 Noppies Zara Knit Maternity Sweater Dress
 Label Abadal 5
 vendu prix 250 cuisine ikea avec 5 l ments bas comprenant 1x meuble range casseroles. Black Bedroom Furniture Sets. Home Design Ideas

^^^^

— Instructions for the task —
The whole of the material should be restated word for word.

— Exercise answer —
 Noppies Zara Knit Maternity Sweater Dress
 Label Abadal 5
 vendu prix 250 cuisine ikea avec 5 l ments bas comprenant 1x meuble range casseroles. Black Bedroom Furniture Sets. Home Design Ideas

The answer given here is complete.